Aber die braucht es selten. Häufig jedoch fällt die Drehzahl, speziell bei Ortsdurchfahrten, unter die 3.000er Marke, und dann schüttelt und rüttelt es heftig im Gebälk. Konstantfahr-Ruckeln ist ebenfalls ein Thema für den 90-Grad-V2, der seine übersichtlichen 95 PS bei knapp 9.000/min entwickelt. Also besser einen Gang niedriger durch die kleinen, beinahe verwunschenen Elsass-Orte mit ihren historischen Stadtkernen, indenen die Welt stehengeblieben scheint. Die Beziehung zur Shiver hingegen hat sich in diesen vier Tagen entwickelt: gelungene Ergonomie, ein Verbrauch zwischen fünf und sechs Litern (je nach Fahrweise) und eine damit verbundene Reichweite zwischen gut 200 und rund 300 Kilometern, ein ordentliches Fahrwerk und mit dem Pirelli Angel eine homogene Erstbereifung  – da flammt der Wunsch nach mehr nur selten auf. Der Wunsch nach einem Flammkuchen und einem guten Glas Wein hingegen fuhren immer mit. Ebenso wie die Gewissheit: Diese Aprilia wird schnell vom Mauerblümchen zur Mauerblume werden und den MOTORRAD-Dauertestfuhrpark bereichern. Garantiert!

Foto: Stefan Glück
Aprilia Shiver 900 auf dem Prüfstand.
Aprilia Shiver 900 auf dem Prüfstand.

Dauertest-Standards absolviert

Bevor der Zweizylinder aber endgültig in den Redaktionsalltag entlassen wurde, musste er sich auf dem Prüfstand messen lassen.

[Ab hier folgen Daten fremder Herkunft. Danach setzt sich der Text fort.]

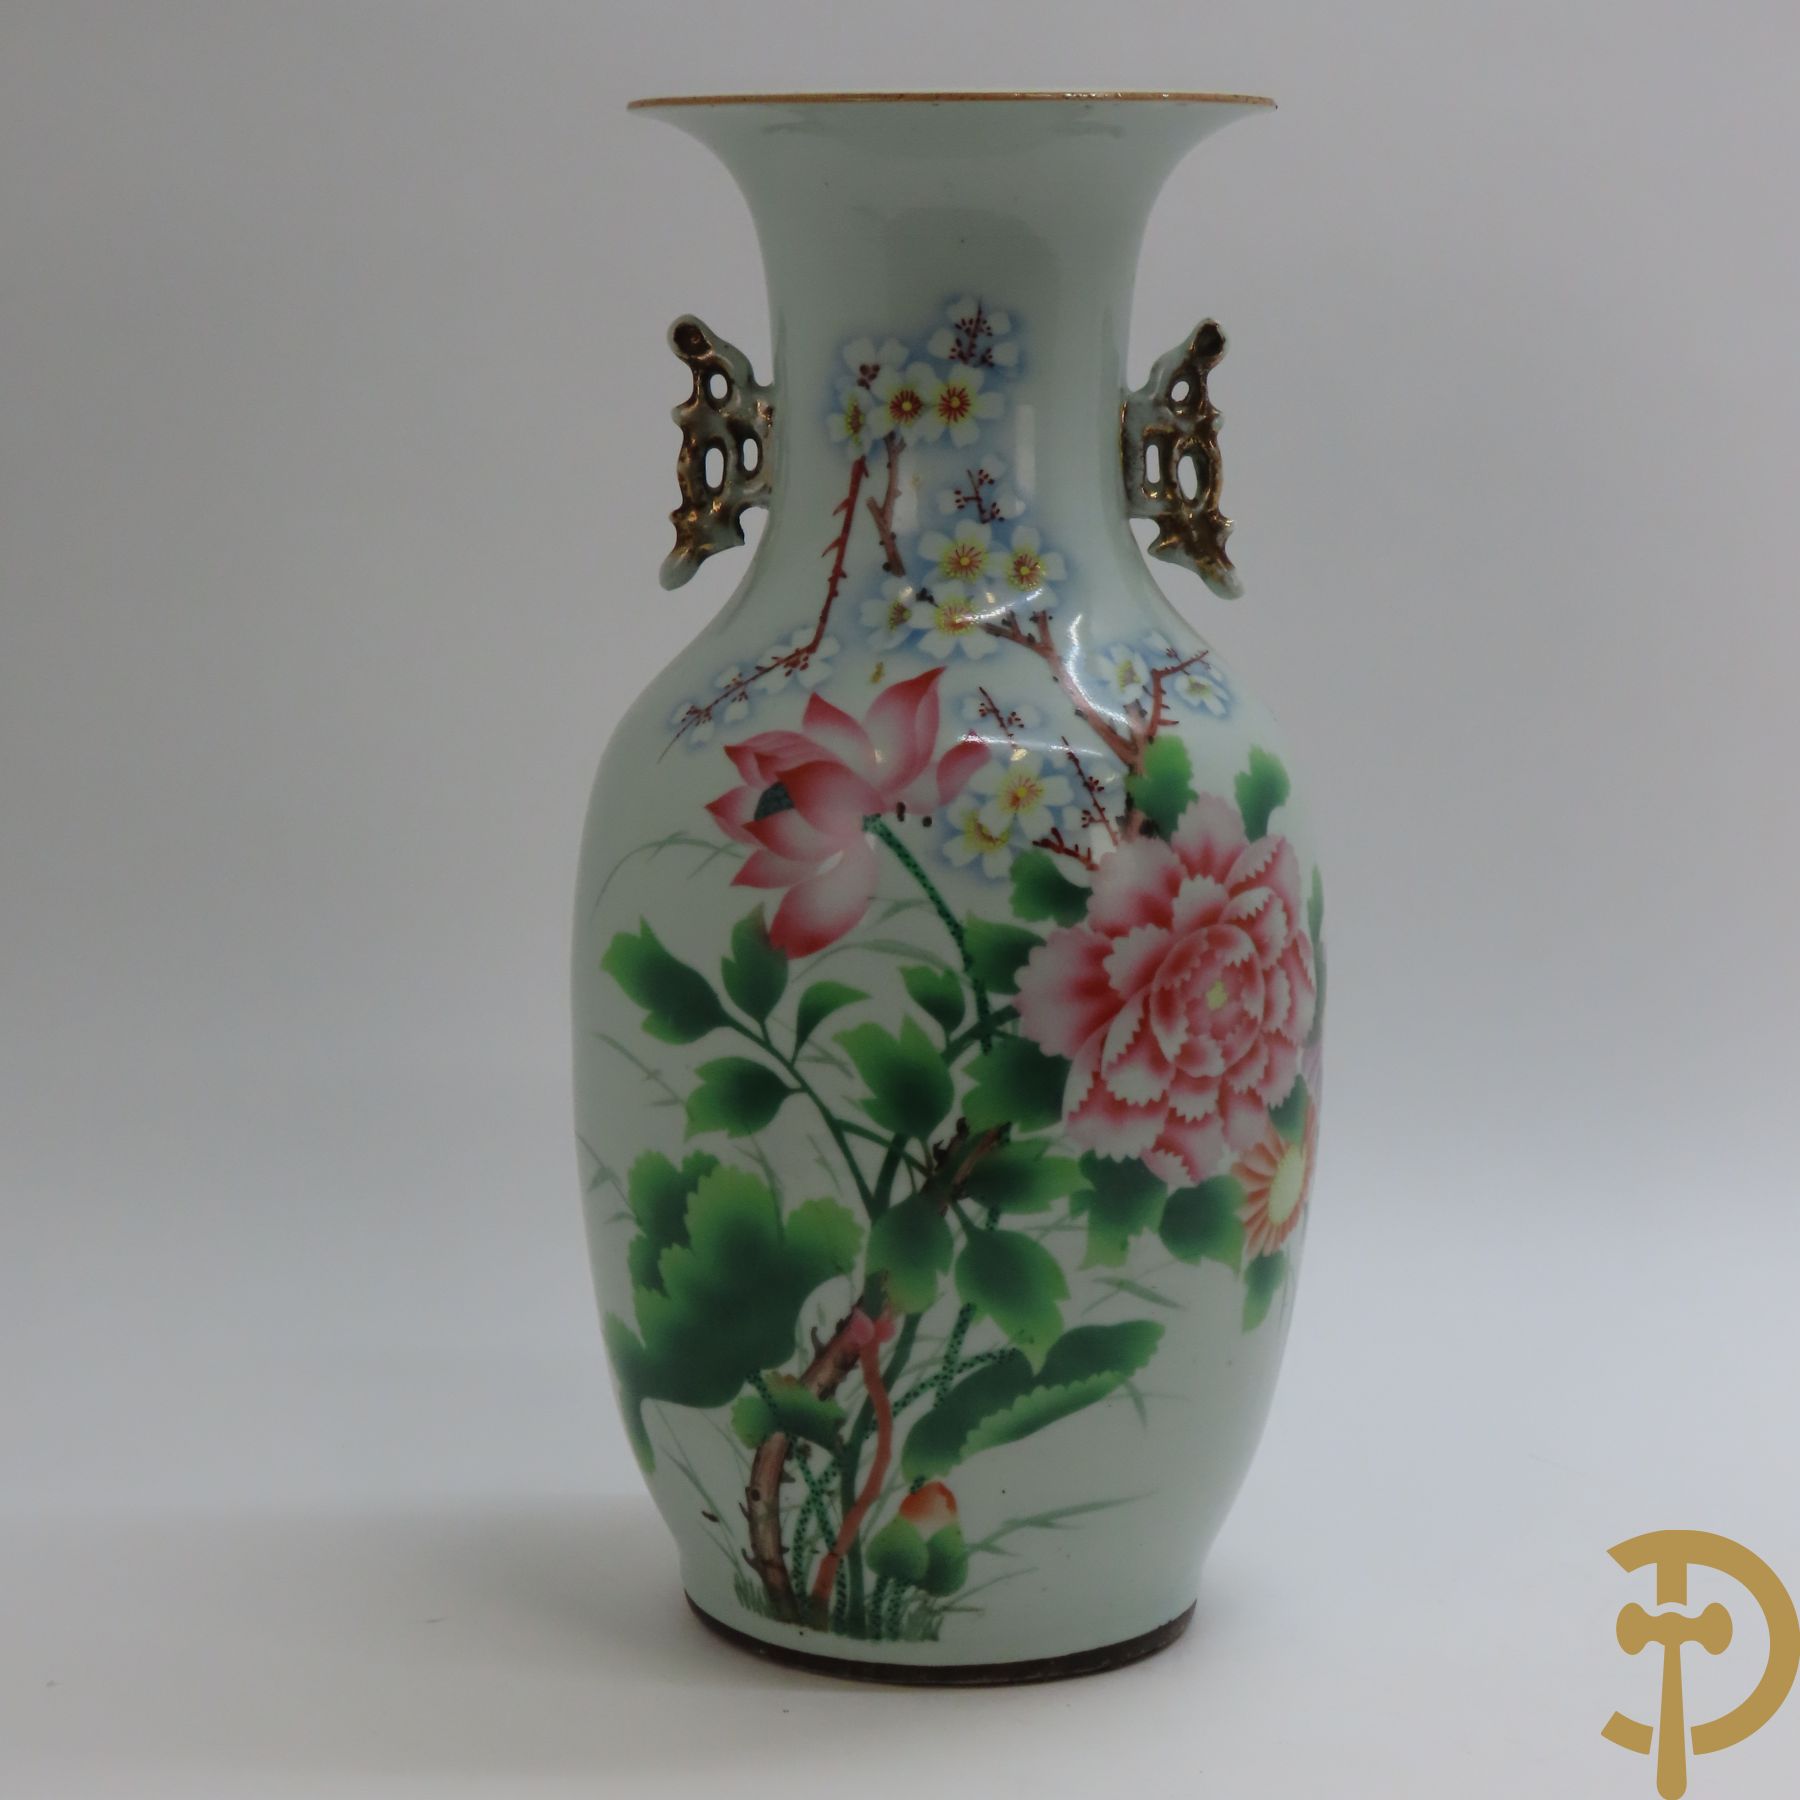 Chinese porseleinen vaas met bloemendecor, deels beschilderd en deels bedrukt

Danach folgte noch die Eingangsmessung sowie die Verplombung des Motors und eine Kompressionsmessung. Ungefähr bei 25.000 km veröffentlicht MOTORRAD dann eine Dauertest-Zwischenbilanz; nach 50.000 Kilometern folgen Abschlussmessungen, bevor der Motor der Shiver zerlegt und begutachtet wird.